Training and resources will help, to be sure, but if we really want to bring down the number of individuals with mental illness killed by police, we need to think beyond law enforcement. In an ideal world, we would eliminate mental health crises altogether through better treatment in the community. Unfortunately, even with unlimited resources, some mental health crises are unavoidable.  For example, I was receiving excellent medical care through employer-provided health insurance at the time of my psychotic break.  When the crisis nonetheless came, my wife was forced to call 911.  She explained the situation and asked for an ambulance.  She got a police officer instead.

No reasonable amount of training will ever turn the average police officer into a mental health expert. We’re simply asking for too much from the police. When there is no weapon or immediate threat, a crisis team comprised solely of mental health professionals is the better response. Eugene, Oregon pioneered this approach decades ago in a program called CAHOOTS.  CAHOOTS has been highly effective and it avoids unnecessary burdens on police: Out of roughly 24,000 calls in Eugene and neighboring Springfield CAHOOTS responded to in 2019, only 311 required police backup.  And CAHOOTS is now offering training to organizations across the country. 

Lawyers, both in court and as public citizens, are uniquely well-positioned to spur police reforms. Prosecutors are already charging and securing criminal convictions of police officers in the most egregious cases.  And while the qualified immunity doctrine provides broad protection in civil suits, lawyers are seeking to narrow or overturn that doctrine in court and in Congress.  In the meantime, a majority of federal courts have recognized that the Americans with Disabilities Act (ADA) requires police officers during arrest to reasonably accommodate mental disabilities.
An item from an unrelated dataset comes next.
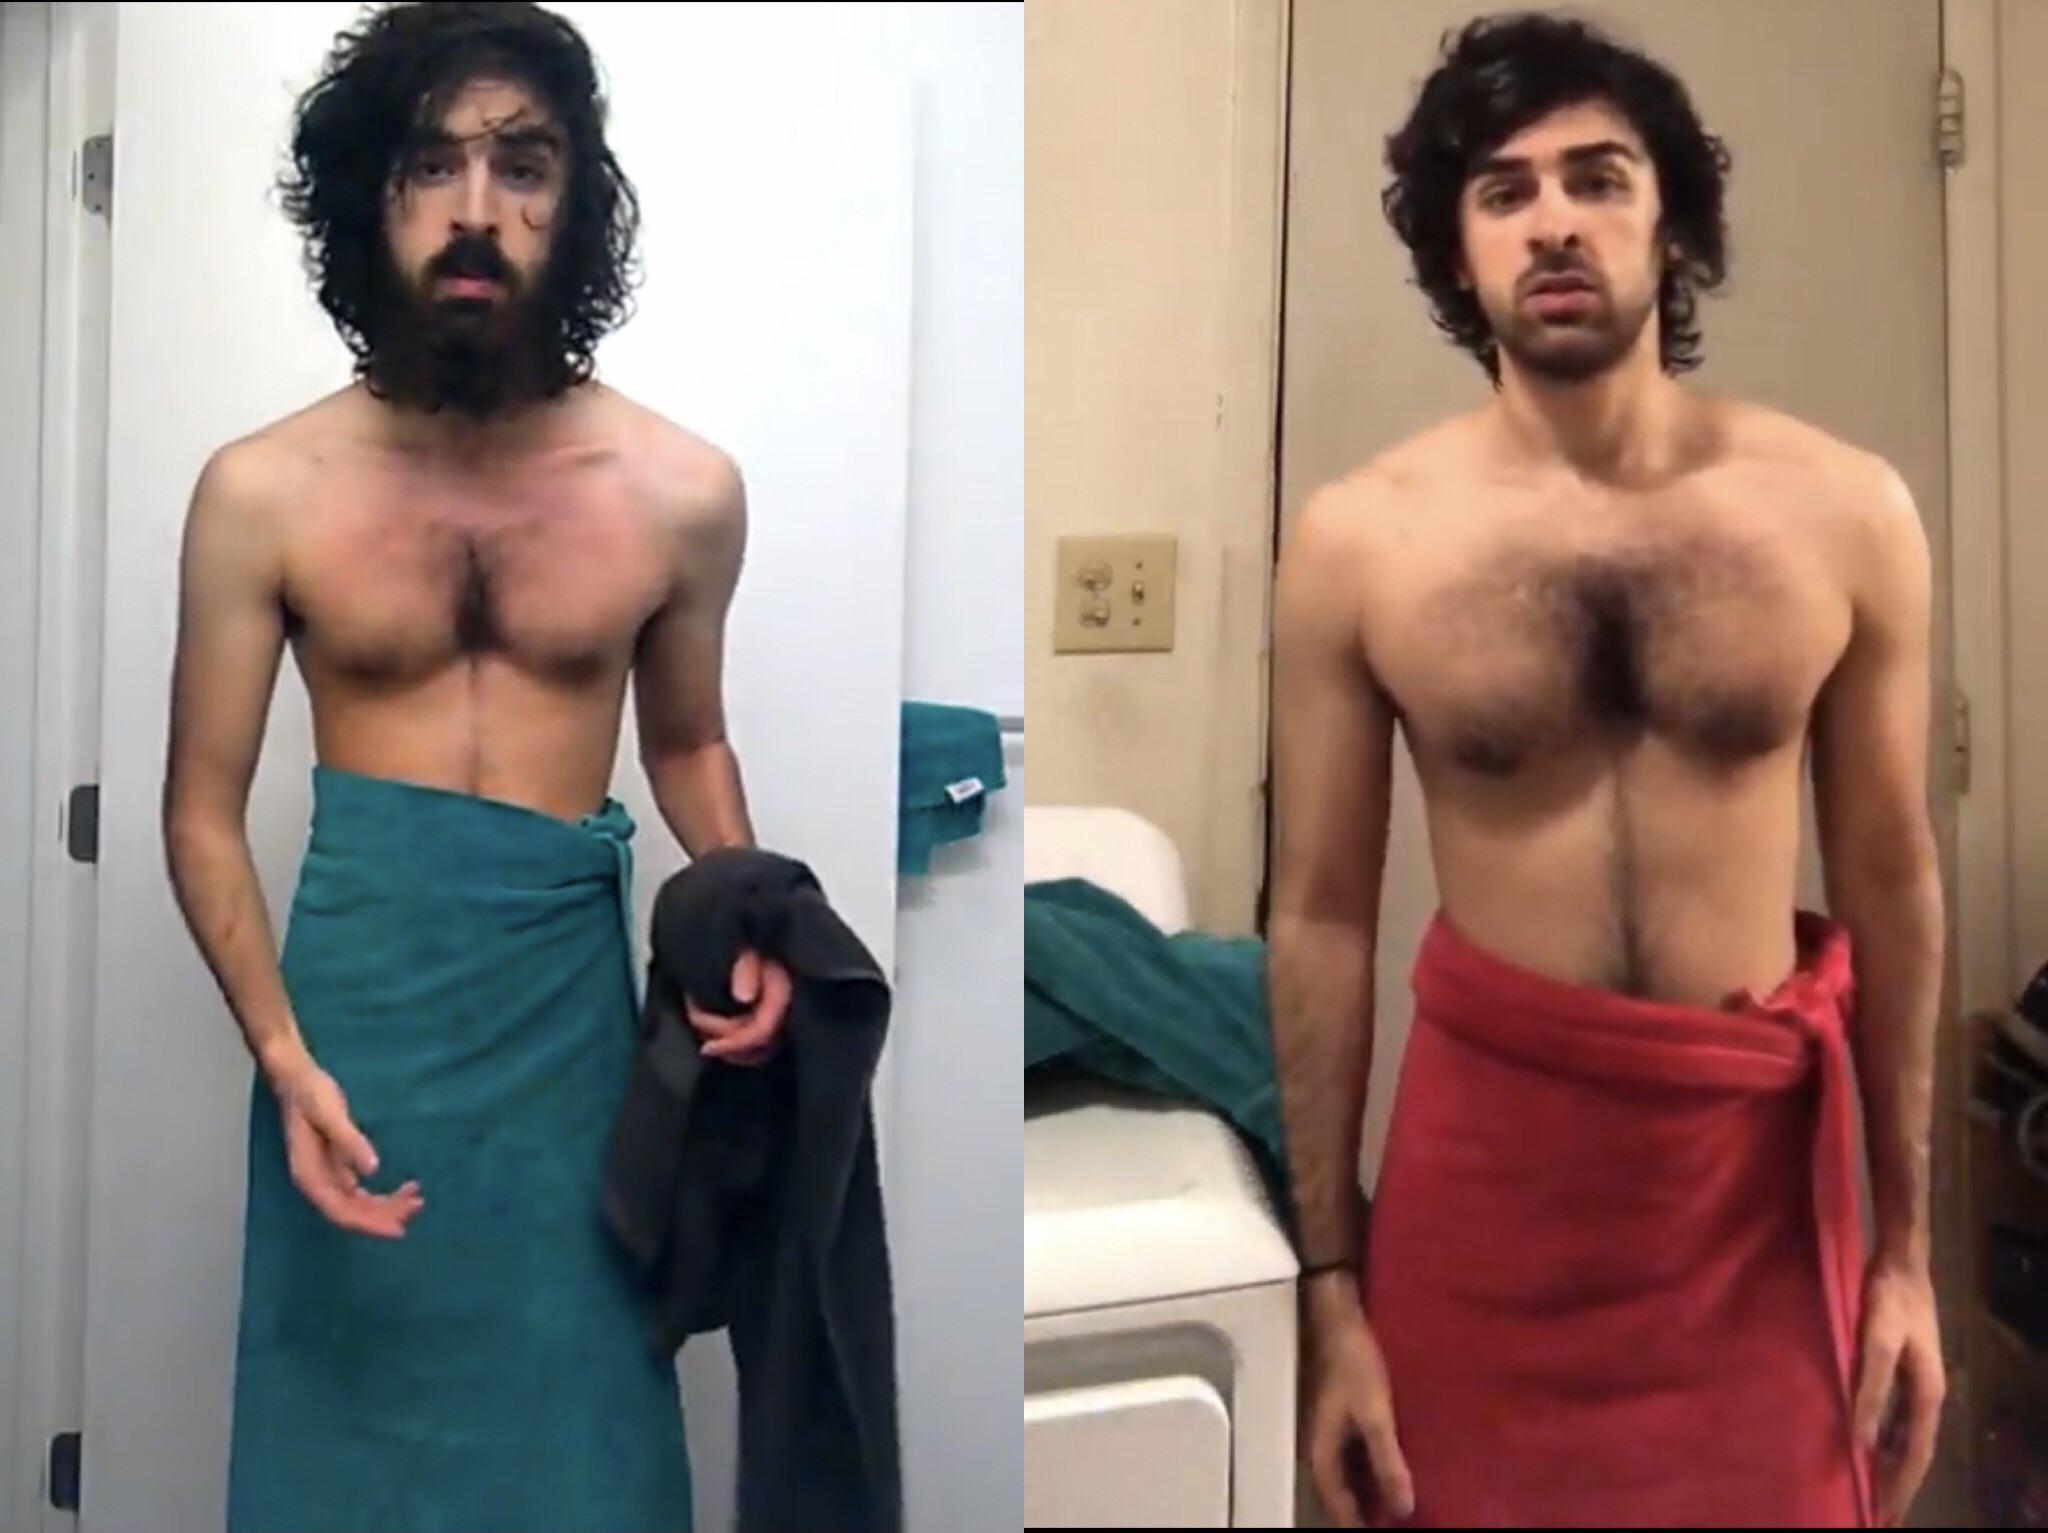 5'7 Male Progress Pics of 30 lbs Weight Gain 115 lbs to 145 lbs
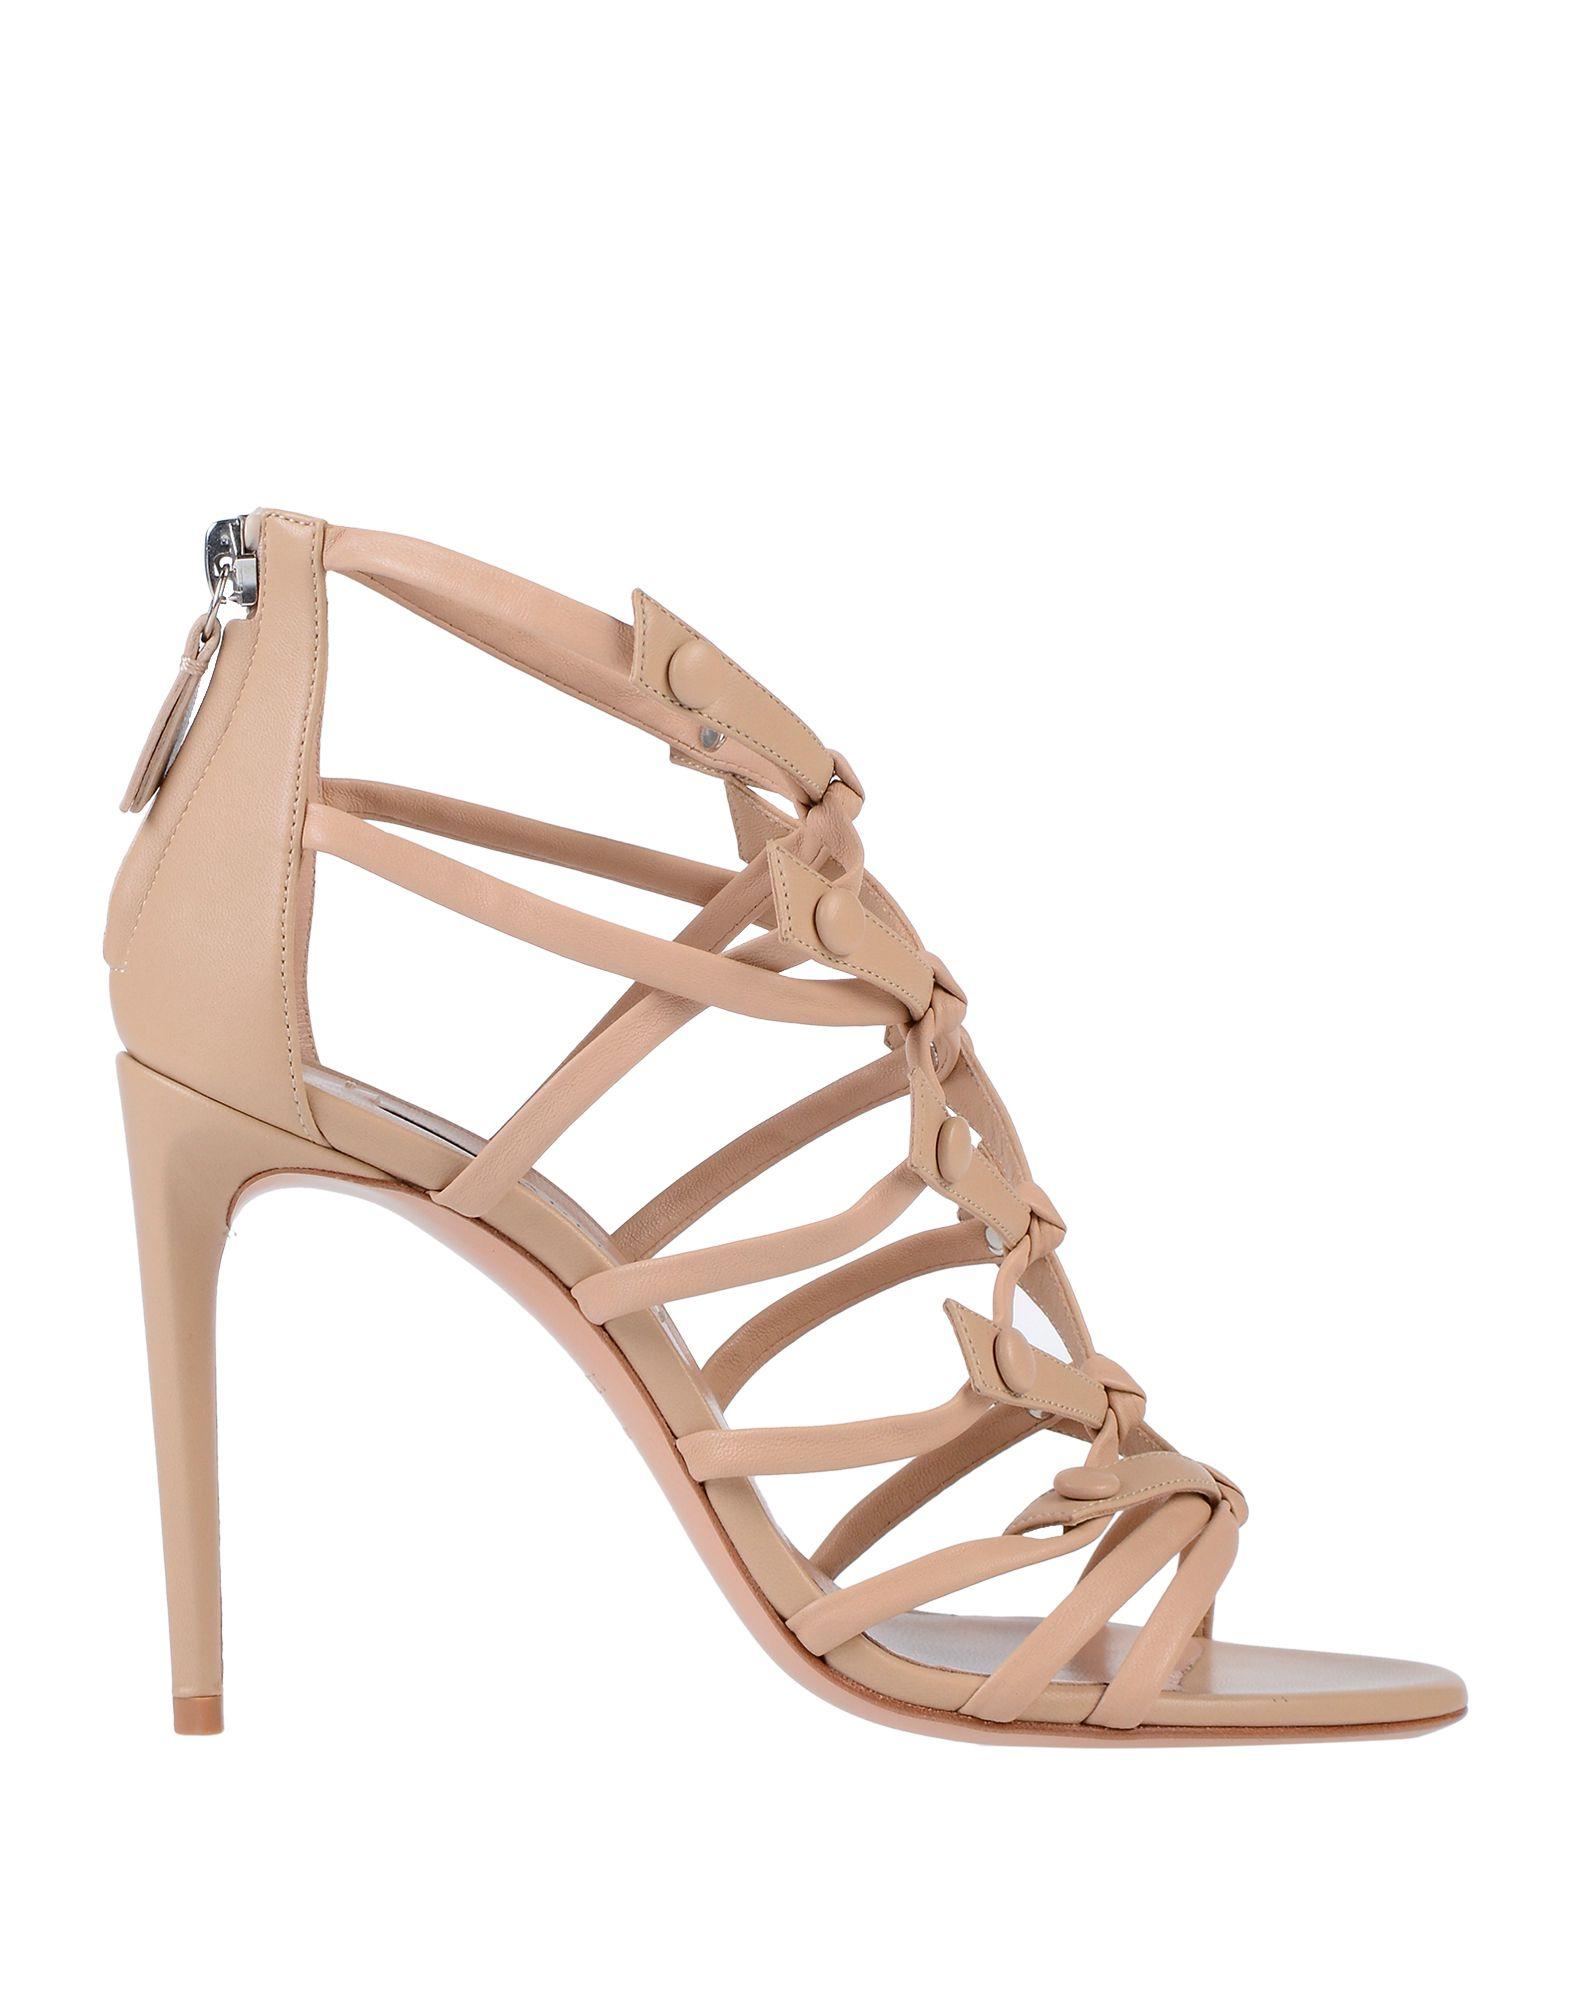 Scarpe Casadei Donna - Acquista online su YOOX 1a61eba8ab2

What this means in a particular case may be fact-specific, but first responders will only be able to make those assessments and to avoid systematic ADA violations through more and better mental health training and specialized crisis response teams.

Too many people with mental illness are killed by the police. But this tragedy is not inevitable.  We know that specialized crisis response teams can reduce the death toll. Further delay in creating and mobilizing these teams will cost hundreds of lives, perhaps including mine.